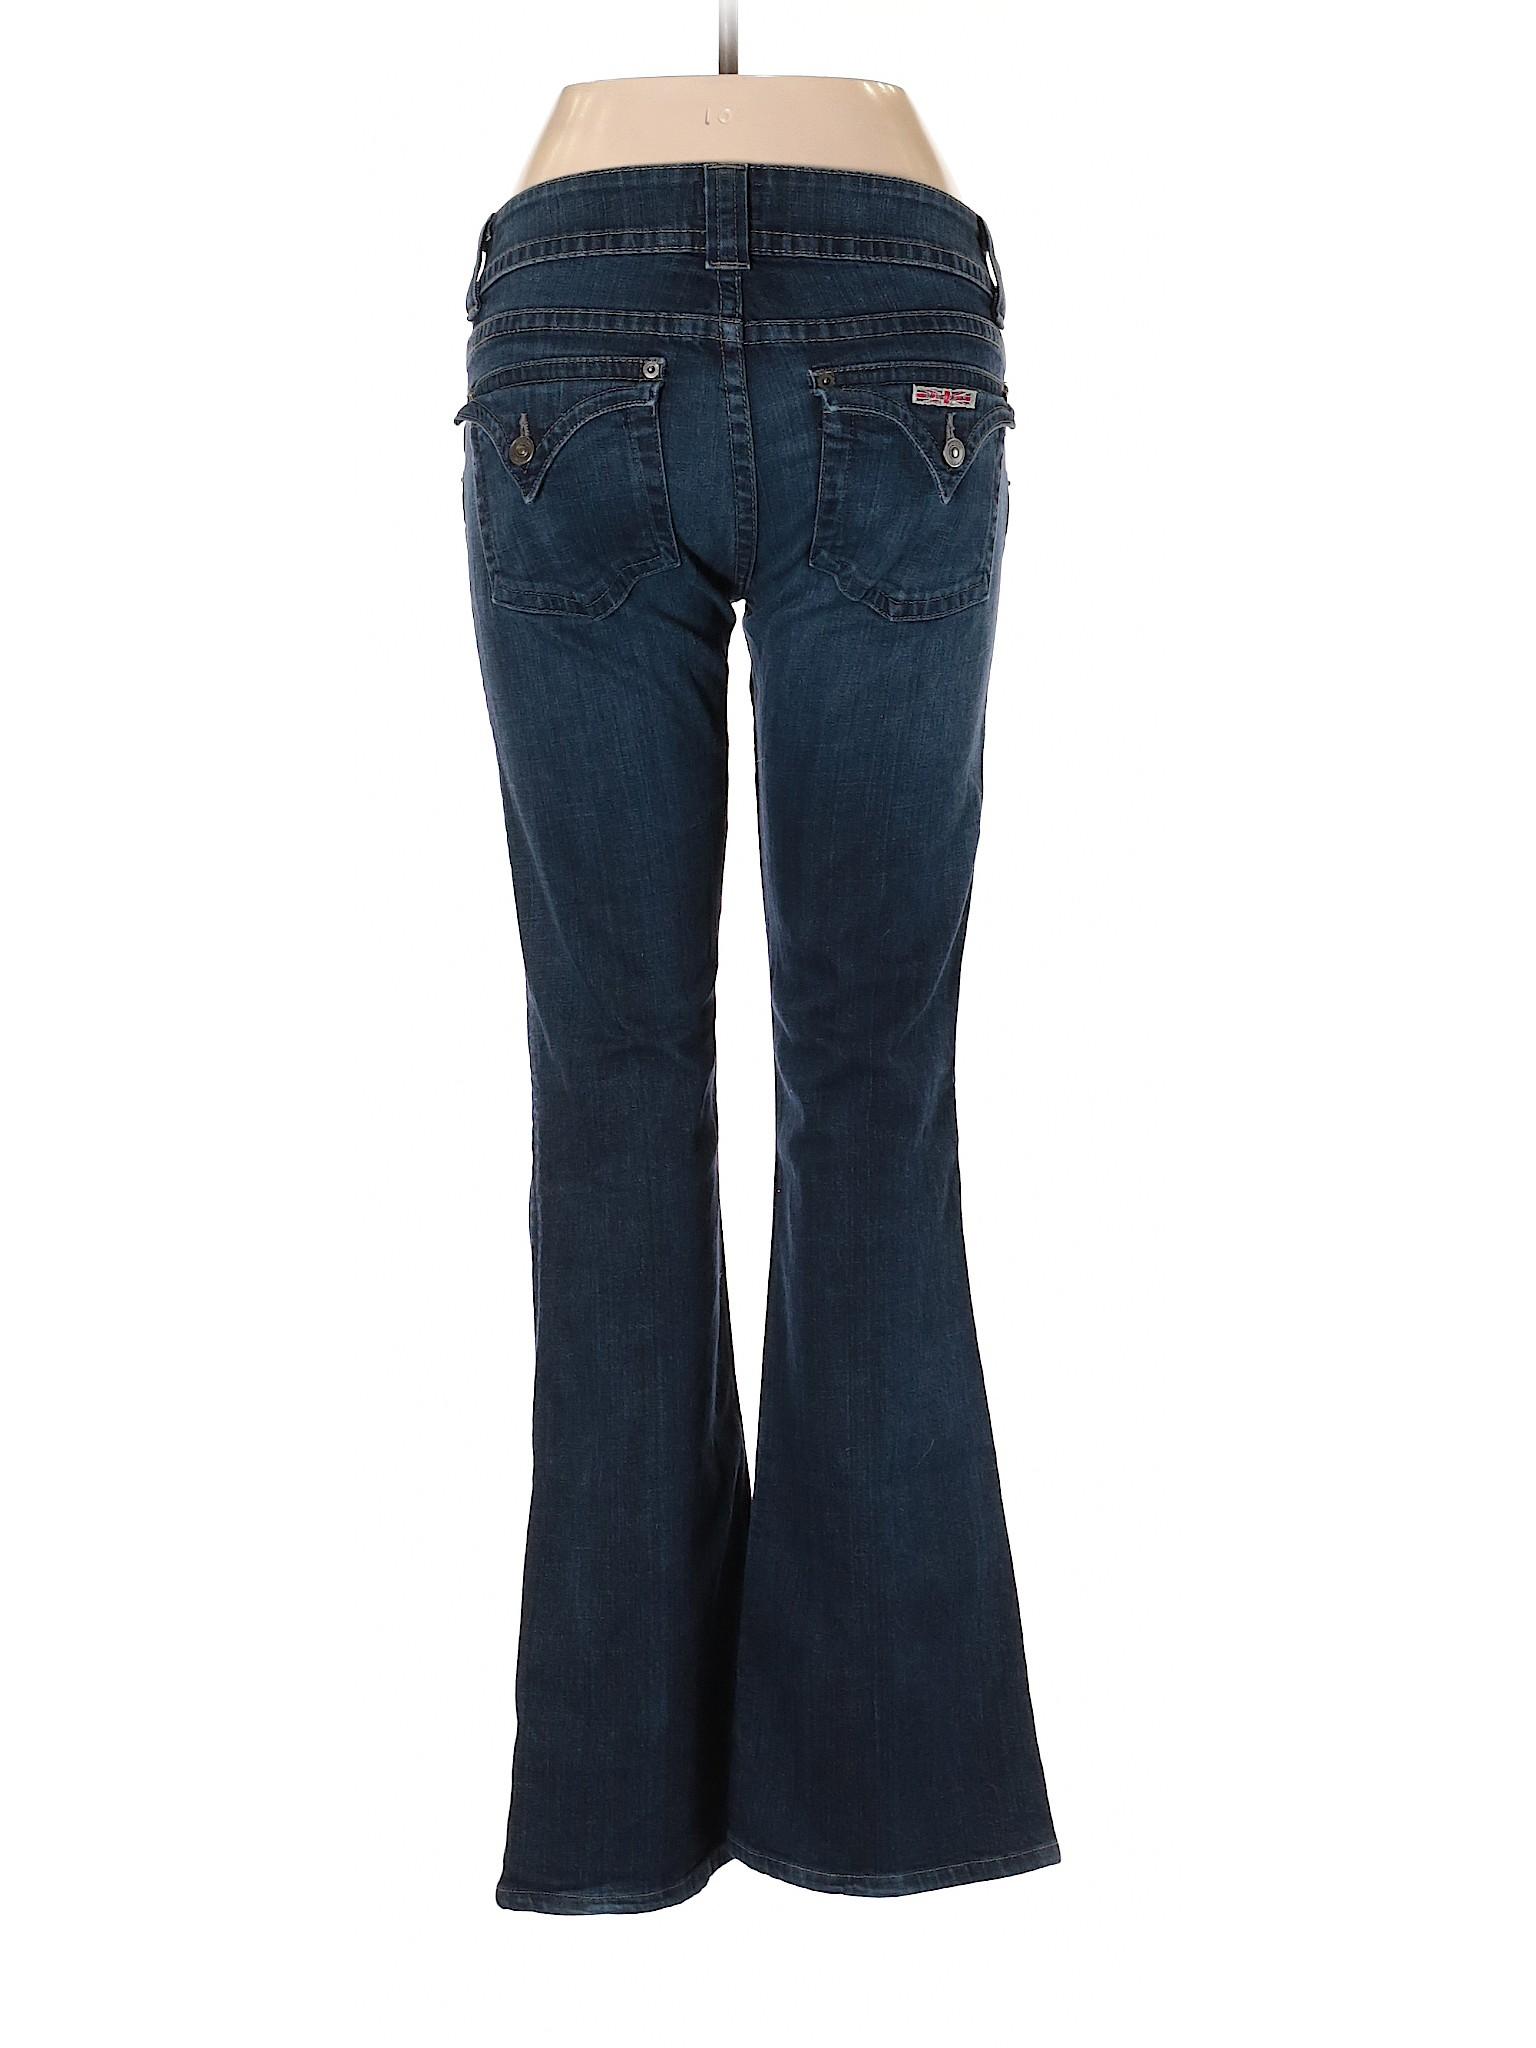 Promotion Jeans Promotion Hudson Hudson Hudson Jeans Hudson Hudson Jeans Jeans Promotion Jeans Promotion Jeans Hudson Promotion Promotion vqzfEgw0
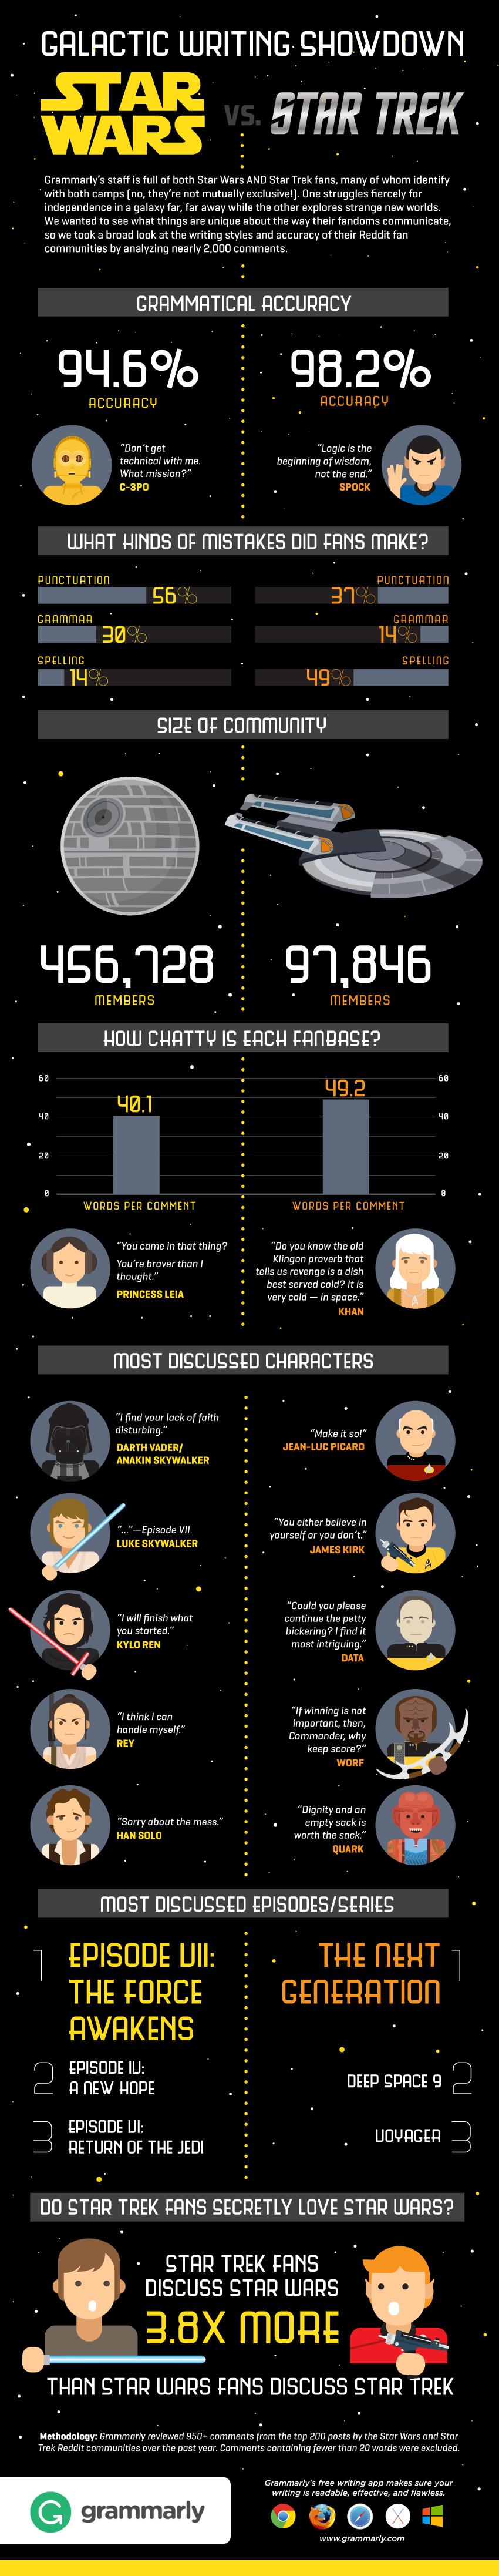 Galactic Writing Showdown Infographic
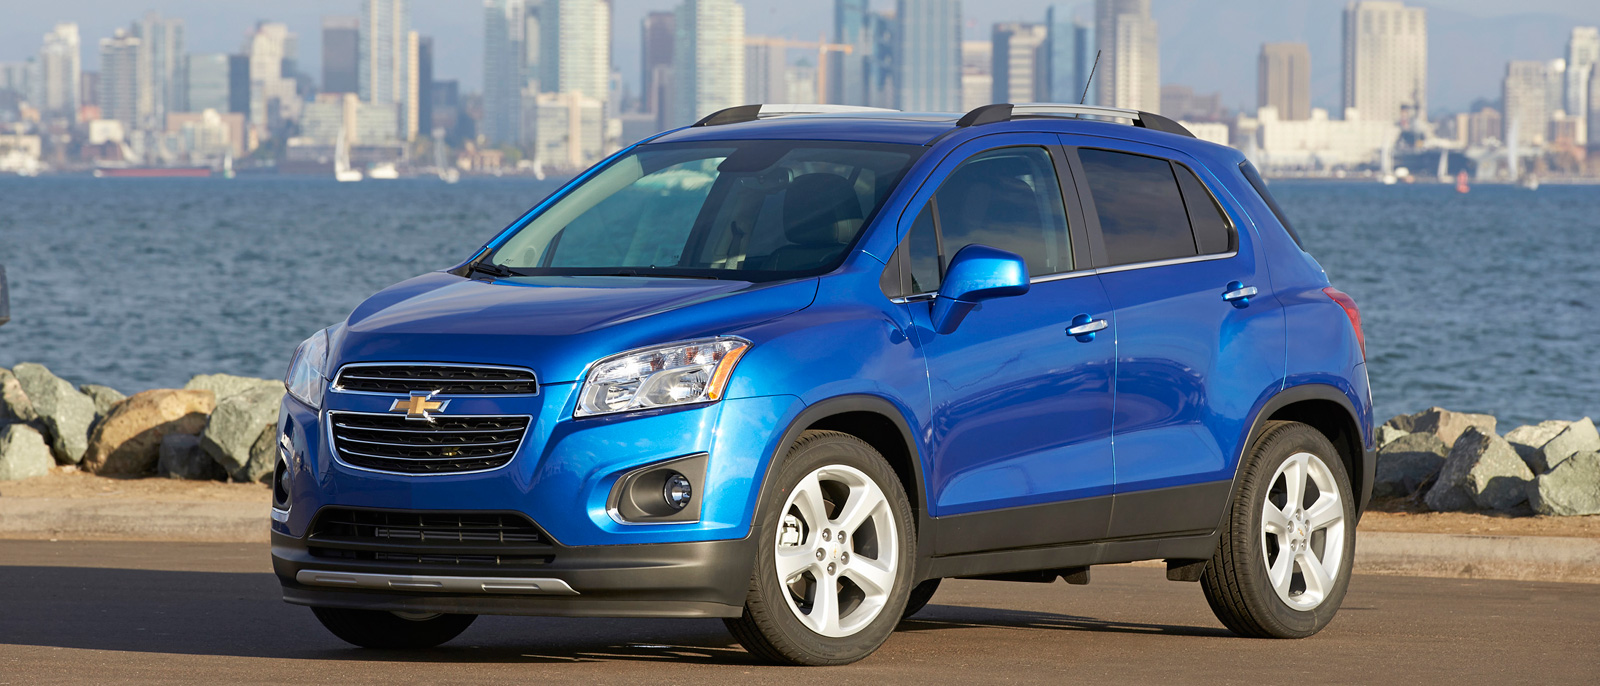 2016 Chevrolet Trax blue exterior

**WHAT TO DO:**
Begin at the line containing "Galactic Writing Showdown Infographic" and stop at the final line of the data. Retype those lines exactly, without the pictures.

**TASK SOLUTION:**
 Galactic Writing Showdown Infographic
 2016 Chevrolet Trax blue exterior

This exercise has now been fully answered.